I've seen compilers that would issue a warning because of a = a | b; so GCC not giving a warning is a free bonus. it might be, that gcc just infers the constant assignment in a | b and therefore replaces it with 0xff | 0xff which is known to work without problems. If that happens though I don't know why it cannot derive the constant value of a in the other statements.
回答2:
I use linux x86_64, GCC 4.70. And get the same error. I compile the code, and use gdb to disassemble the execution file. Here is what I get.
(gdb) l
1 int main(){
2 unsigned char a = 0xff;
3 unsigned char b = 0xff;
4 a = a | b;
5 a = (unsigned char)(b & 0xf);
6 a |= (unsigned char)(b & 0xf);
7 return 0;
8 }
(gdb) b 4
Breakpoint 1 at 0x4004a8: file test.c, line 4.
(gdb) b 5
Breakpoint 2 at 0x4004af: file test.c, line 5.
(gdb) b 6
Breakpoint 3 at 0x4004b9: file test.c, line 6.
(gdb) r
Starting program: /home/spyder/stackoverflow/a.out
Breakpoint 1, main () at test.c:4
4 a = a | b;
(gdb) disassemble
Dump of assembler code for function main:
0x000000000040049c <+0>: push %rbp
0x000000000040049d <+1>: mov %rsp,%rbp
0x00000000004004a0 <+4>: movb $0xff,-0x1(%rbp)
0x00000000004004a4 <+8>: movb $0xff,-0x2(%rbp)
=> 0x00000000004004a8 <+12>: movzbl -0x2(%rbp),%eax
0x00000000004004ac <+16>: or %al,-0x1(%rbp)
0x00000000004004af <+19>: movzbl -0x2(%rbp),%eax
0x00000000004004b3 <+23>: and $0xf,%eax
0x00000000004004b6 <+26>: mov %al,-0x1(%rbp)
0x00000000004004b9 <+29>: movzbl -0x2(%rbp),%eax
0x00000000004004bd <+33>: mov %eax,%edx
0x00000000004004bf <+35>: and $0xf,%edx
0x00000000004004c2 <+38>: movzbl -0x1(%rbp),%eax
0x00000000004004c6 <+42>: or %edx,%eax
0x00000000004004c8 <+44>: mov %al,-0x1(%rbp)

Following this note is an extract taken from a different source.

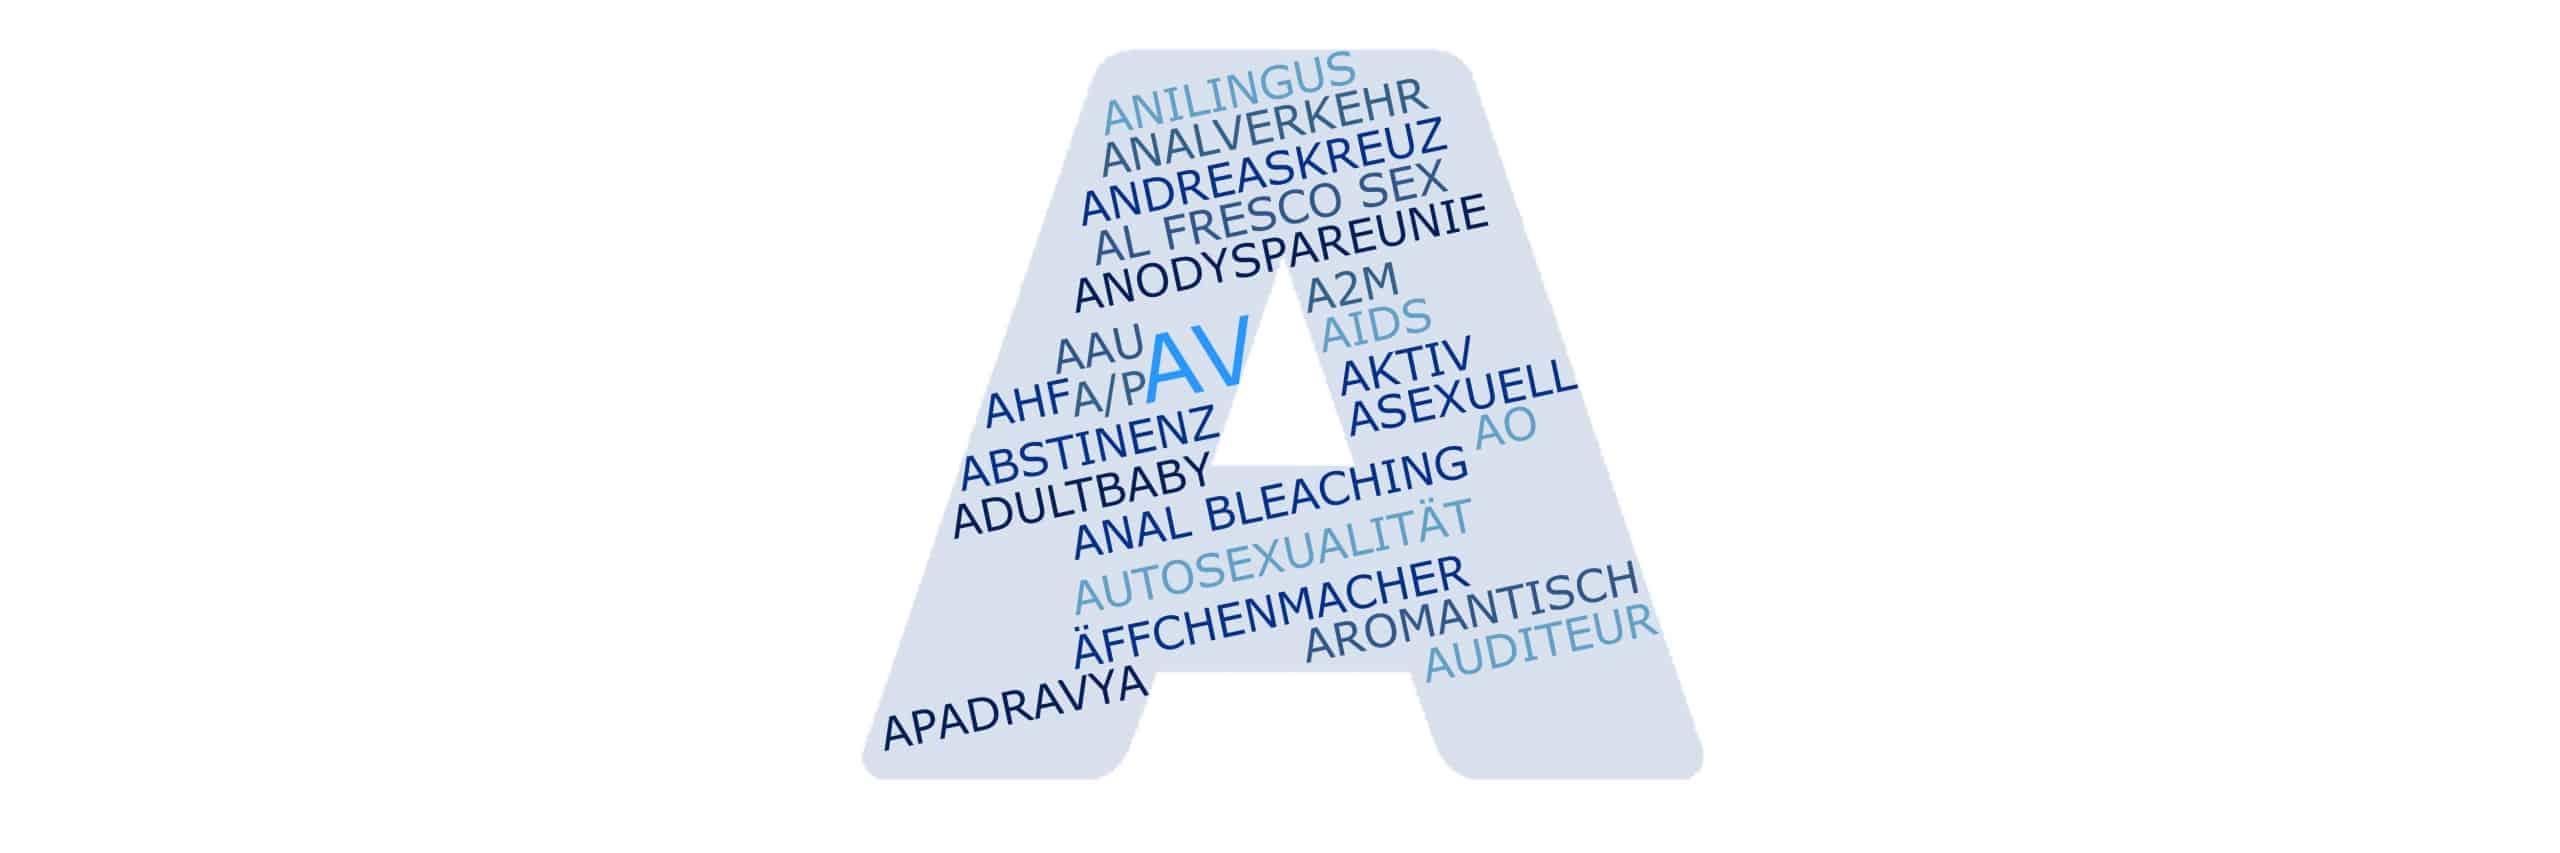 AV bezeichnet den Analsex bei Homo- und Heterosexuellen Paaren

0x00000000004004cb <+47>: mov $0x0,%eax
0x00000000004004d0 <+52>: pop %rbp
0x00000000004004d1 <+53>: retq
End of assembler dump.
the a = a | b is compiled to
movzbl -0x2(%rbp),%eax
or %al,-0x1(%rbp)
the a = (unsigned char)(b & 0xf) is compiled to
mov %al,-0x2(%rbp)
and $0xf,%eax
mov %al,-0x1(%rbp)
the a |= (unsigned char)(b & 0xf); is compiled to
movzbl -0x2(%rbp),%eax
mov %eax,%edx
and $0xf,%edx
movzbl -0x1(%rbp),%eax
or %edx,%eax
mov %al,-0x1(%rbp)
the explict cast didn't appear in asm code. The problem is when (b & 0xf) operation is done. the output of operation is sizeof(int).
So you should use this instead:
a = (unsigned char)(a | (b & 0xF));
PS: explict cast dont generate any warning. even you will lose something.
回答3:
I think the problem is that you convert int to unsigned char, AND back to int.

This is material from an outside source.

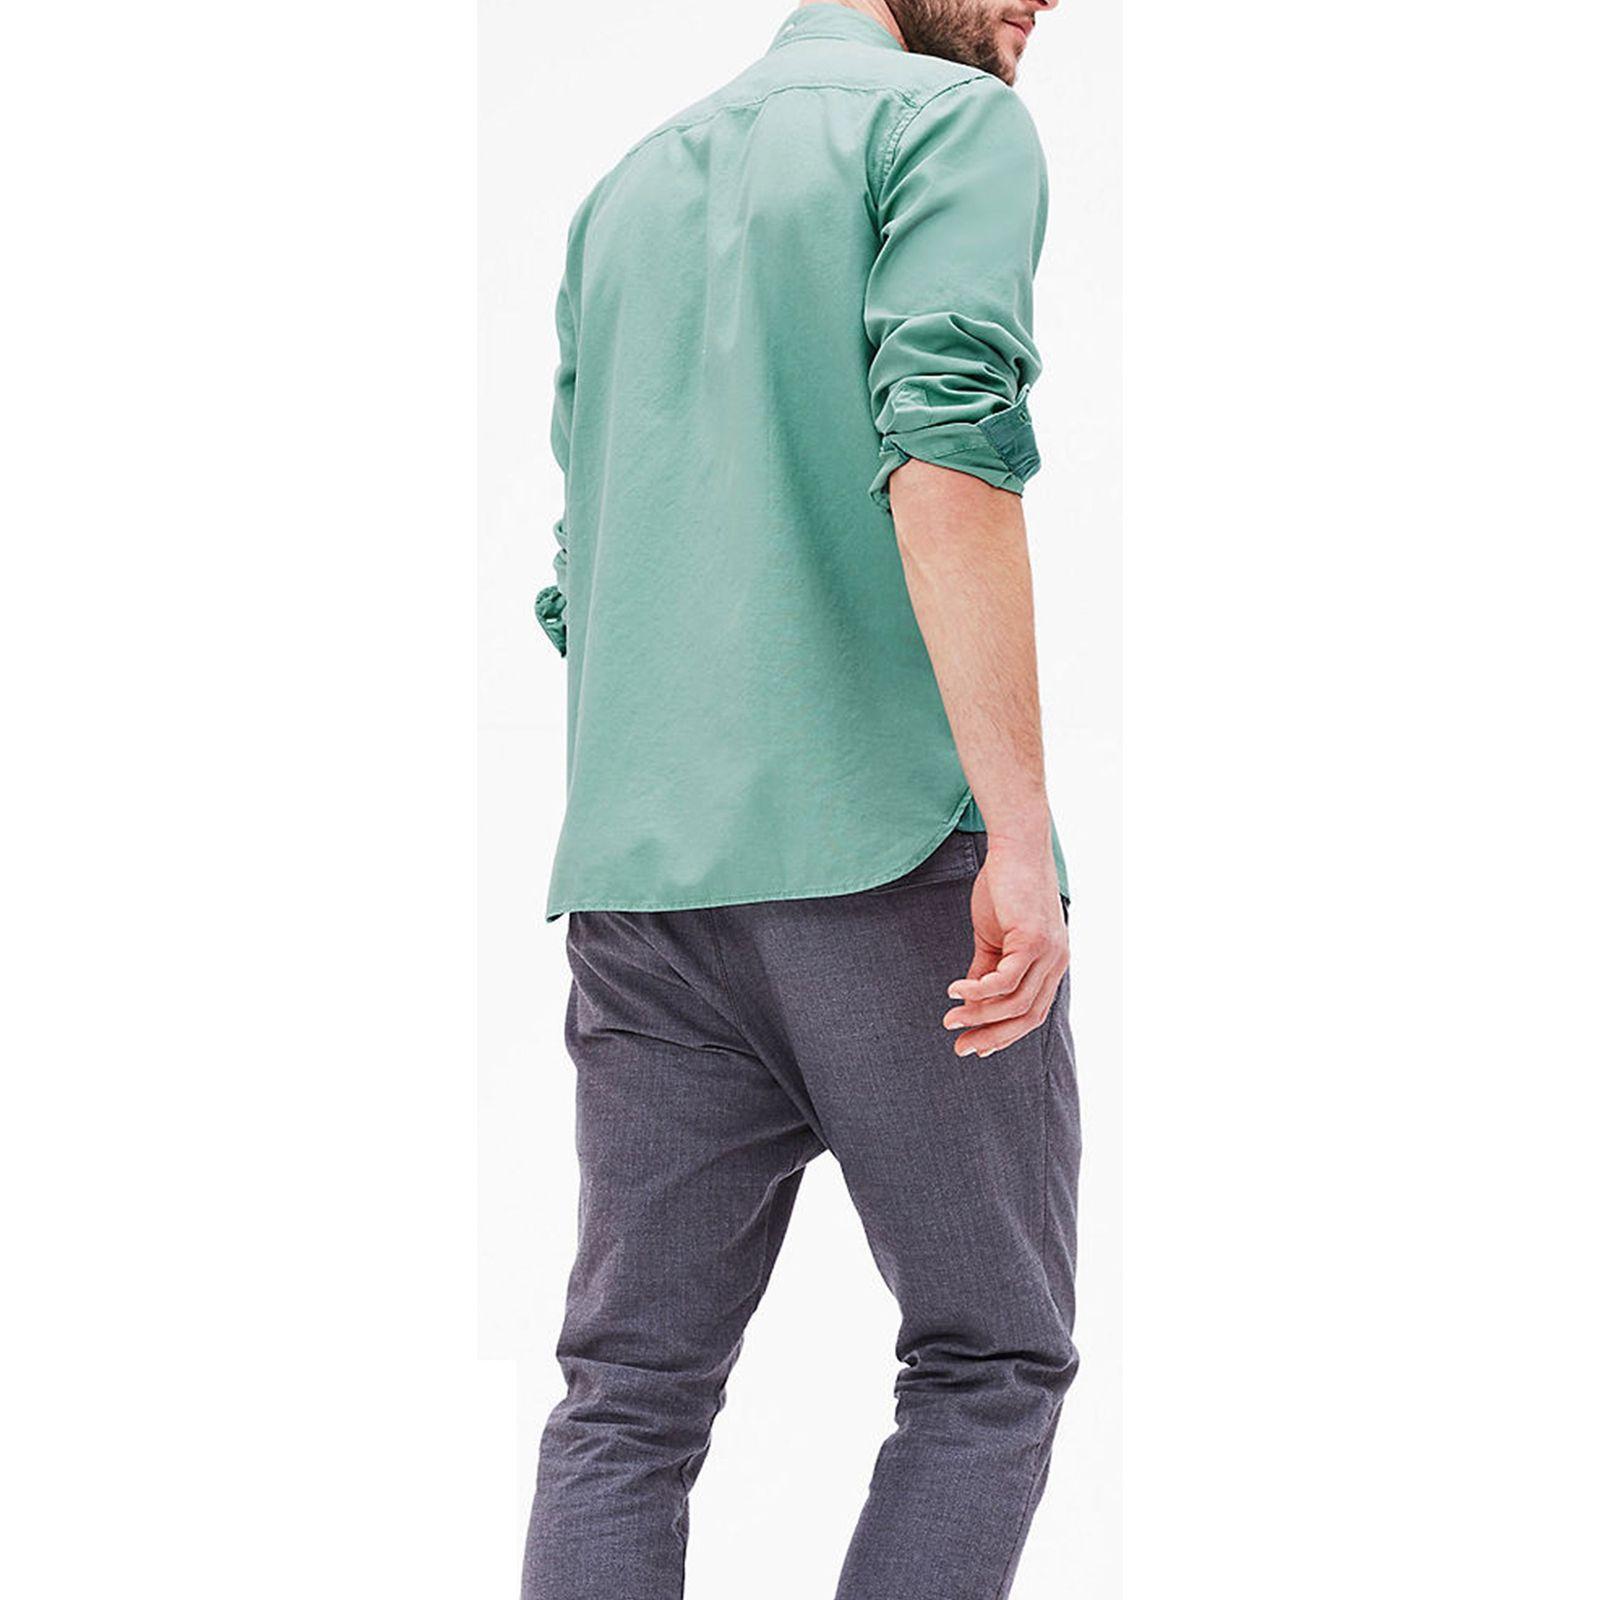 پیراهن نخی آستین بلند مردانه - اس.اولیور - سبز - 5

Line 6 converts int to unsigned char, but just stores it into unsigned char.
Line 7 converts int to unsigned char, and then, in order to do arithmetic, converts it back to int. The new integer may be different from the original, so you get a warning.
回答4:
The return type of bitwise operator & is integer. Whenever you cast an int (4 bytes) into char or unsigned char (1 byte) it gives you warning.
So this is not related to bitwise operator it is related to typecasting from 4 bytes variable to 1 bytes variable.